THE Spine Collector, authorities called him. For six years he was a man who successfully racked up one crime after the other, taunting some of his victims along the way.
This chilling description may conjure up images of a hardened criminal leaving a trail of human bodies in his wake. But the truth is very much stranger than fiction in this case.
The man in question is actually a bespectacled nerdy type – and the spines he collected belong to books.
Filippo Bernardini (30), a junior employee at publishing giant Simon & Schuster UK, was arrested in New York early last year for stealing manuscripts of famous authors. The Federal District Court in Manhattan recently found him guilty of fraud and identity theft.
Over the past six years he has targeted big names such as Margaret Atwood, Sally Rooney, Ian McEwan and Ethan Hawke, as well as other lesser-known authors. He managed to steal more than 1 000 titles right from under their publishers’ noses.

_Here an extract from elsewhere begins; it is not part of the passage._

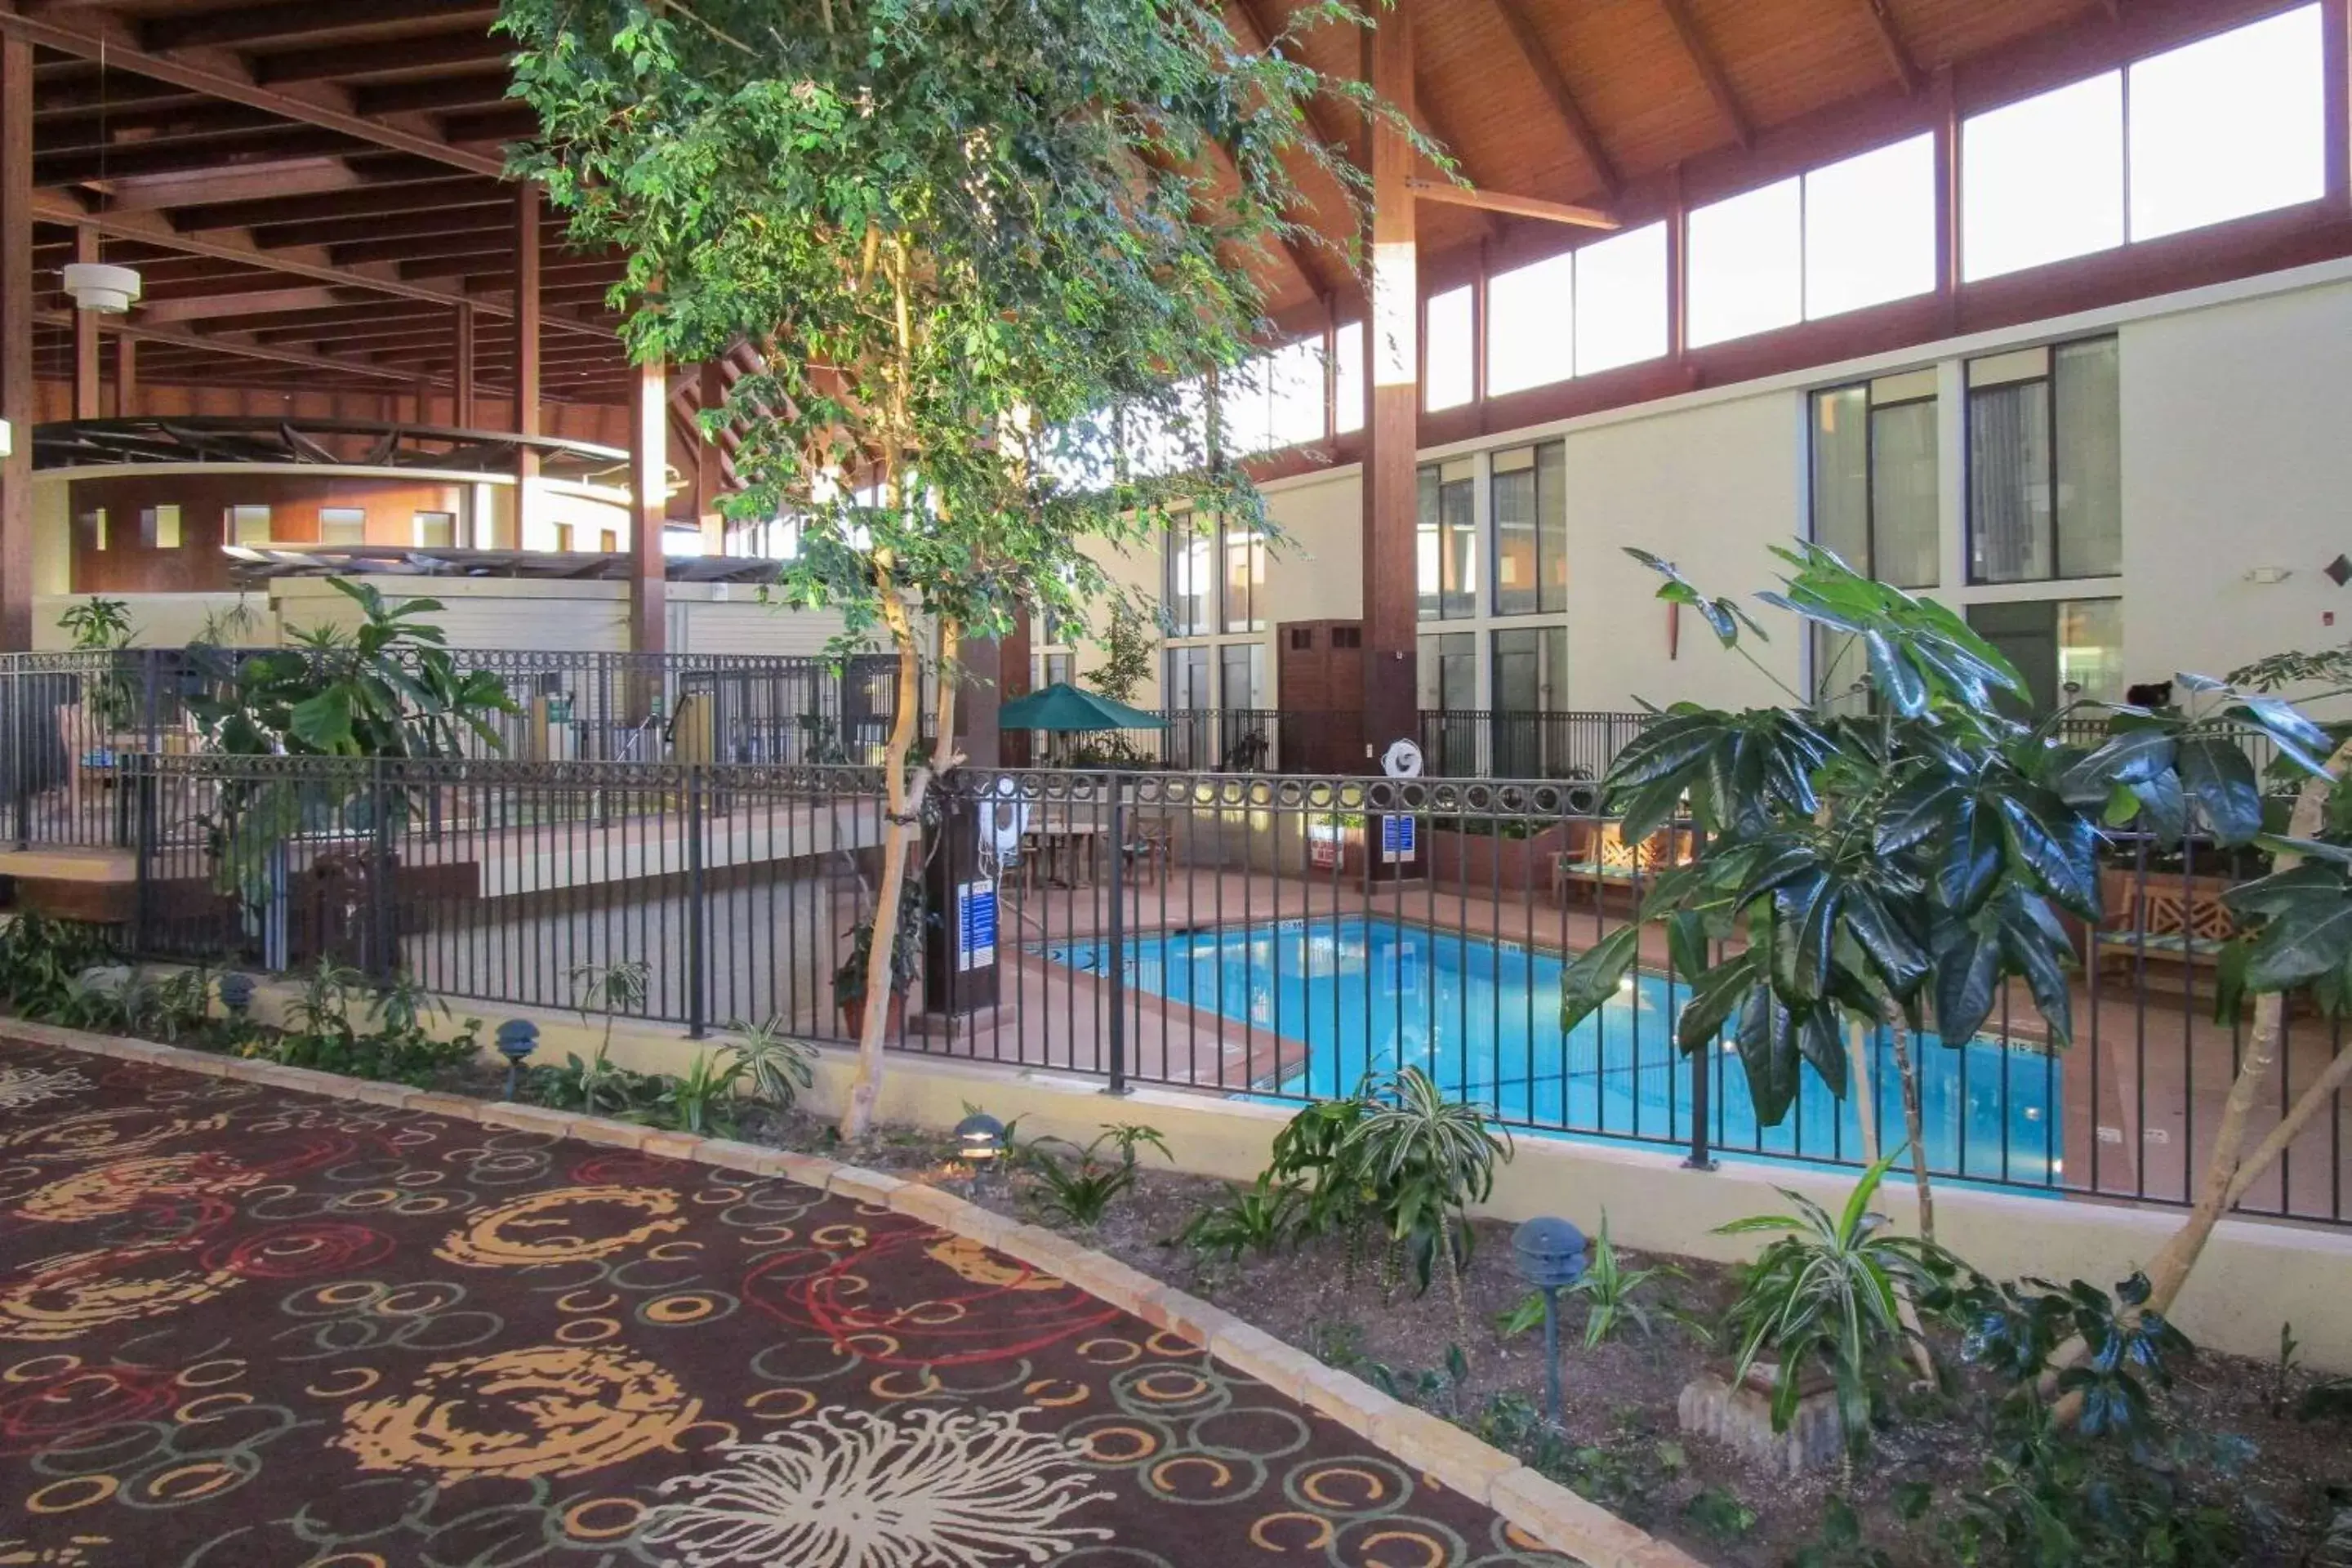 Swimming Pool in Radisson Hotel Lenexa Overland Park
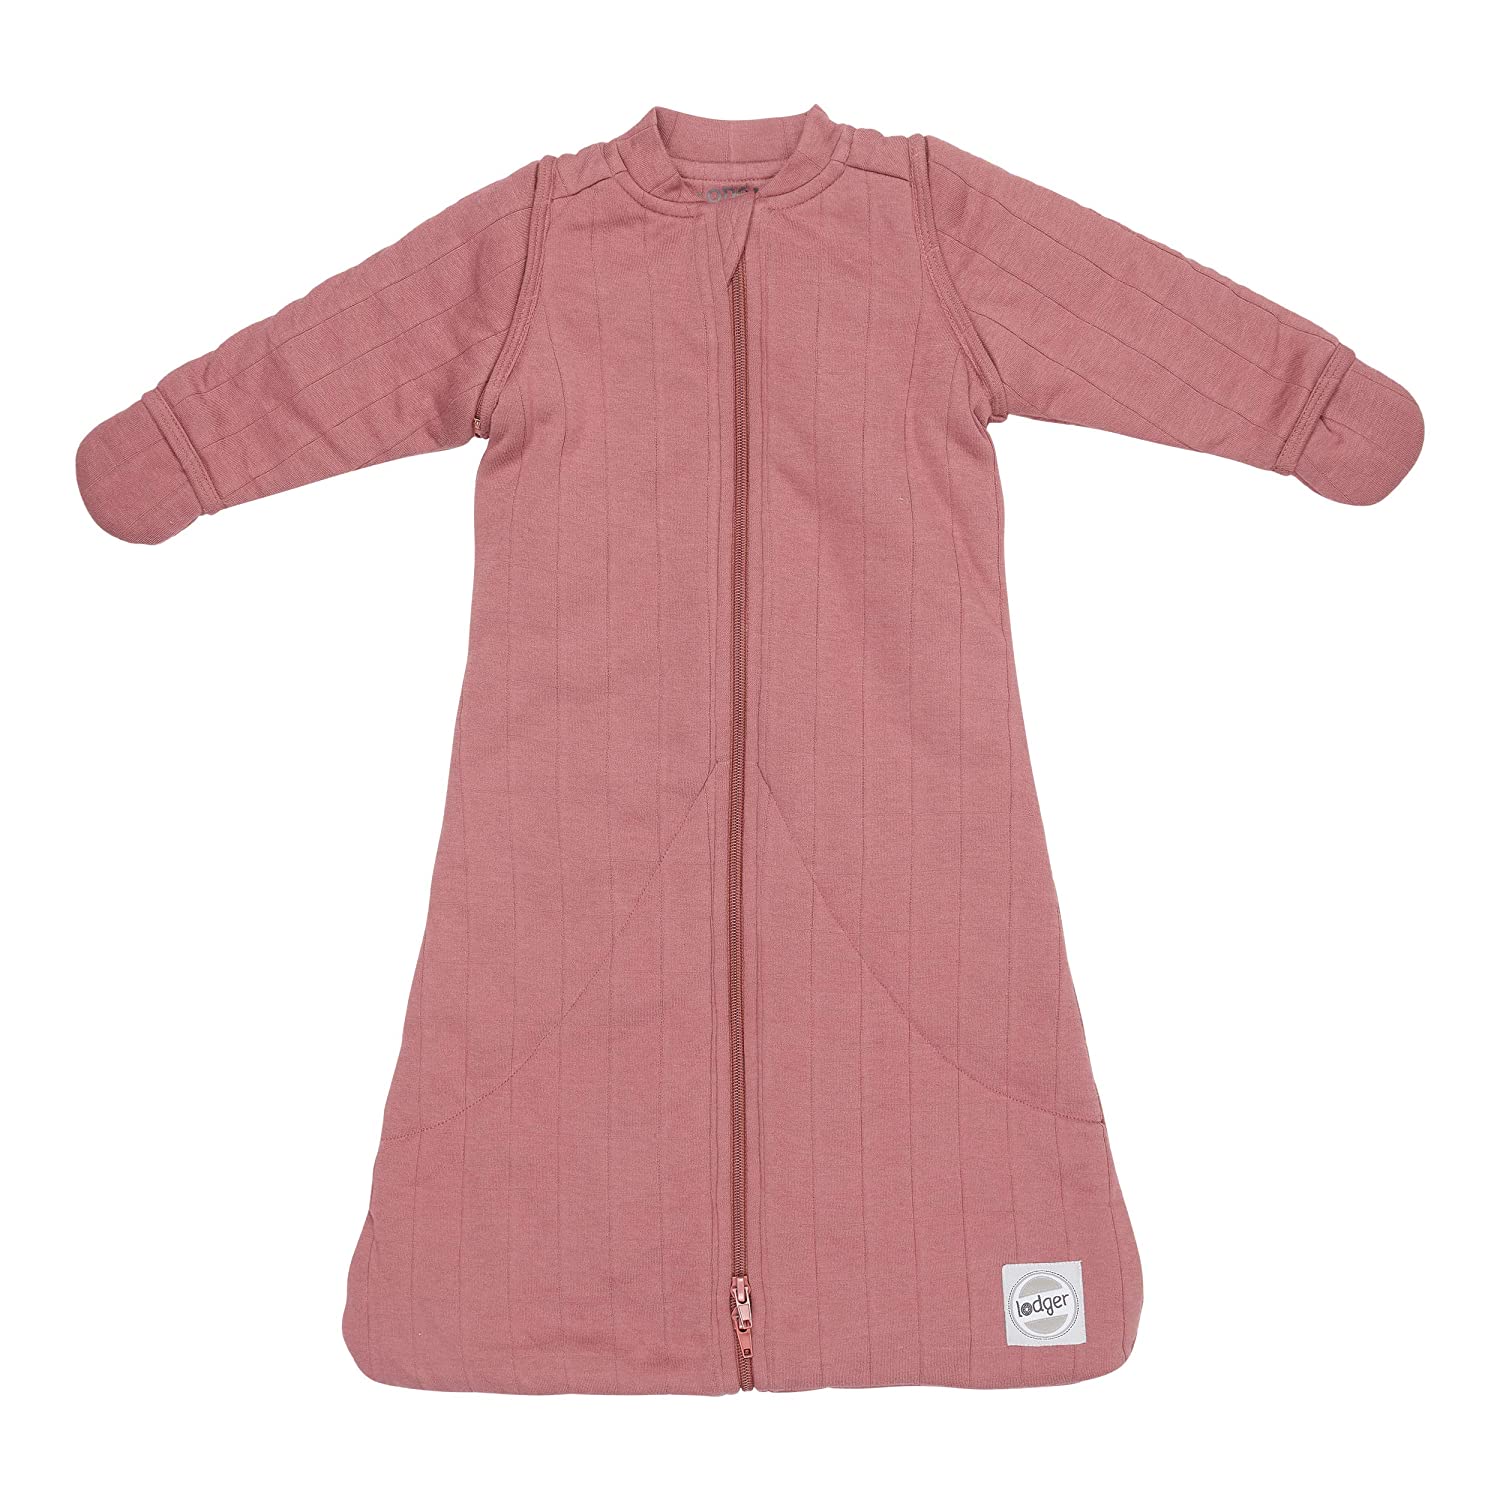 Lodger Hopper Baby Sleeping Bag with Sleeves Dark Pink 50/62

Bernardini’s methods were quite simple. He sent polite emails to authors, editors, translators, and other well-connected people in the literary world, impersonating someone they knew and trusted and asked them to send him their latest drafts. In many cases, they happily obliged.
He used publishing terms such as English language rights and using abbreviations like “ms” when referring to manuscripts. He also set up multiple email accounts with cleverly disguised email addresses such @randornhouse.com instead of @randomhouse.com – essentially a phishing exercise where emails aren’t who they appear to be from.
After a year-long investigation the FBI’s cyber division unmasked him and brought him to book.